Copy exactly the lines of the records below, and only those lines, beginning with the line that contains "mp.weixin.qq.com_s_uUD-zlG7Raj3XUl_5WFZew(iPad Pro)02.jpg" and ending with the line that contains "LEINWAND BILDER Weltkarte".

Records to process:
*** Block opens ***
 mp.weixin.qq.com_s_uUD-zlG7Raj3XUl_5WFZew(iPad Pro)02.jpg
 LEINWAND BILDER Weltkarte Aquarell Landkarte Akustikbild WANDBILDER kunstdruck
*** Block closes ***
*** Block opens ***
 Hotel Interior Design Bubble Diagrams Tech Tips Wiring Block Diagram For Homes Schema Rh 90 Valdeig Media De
*** Block closes ***
Response box:
 mp.weixin.qq.com_s_uUD-zlG7Raj3XUl_5WFZew(iPad Pro)02.jpg
 LEINWAND BILDER Weltkarte Aquarell Landkarte Akustikbild WANDBILDER kunstdruck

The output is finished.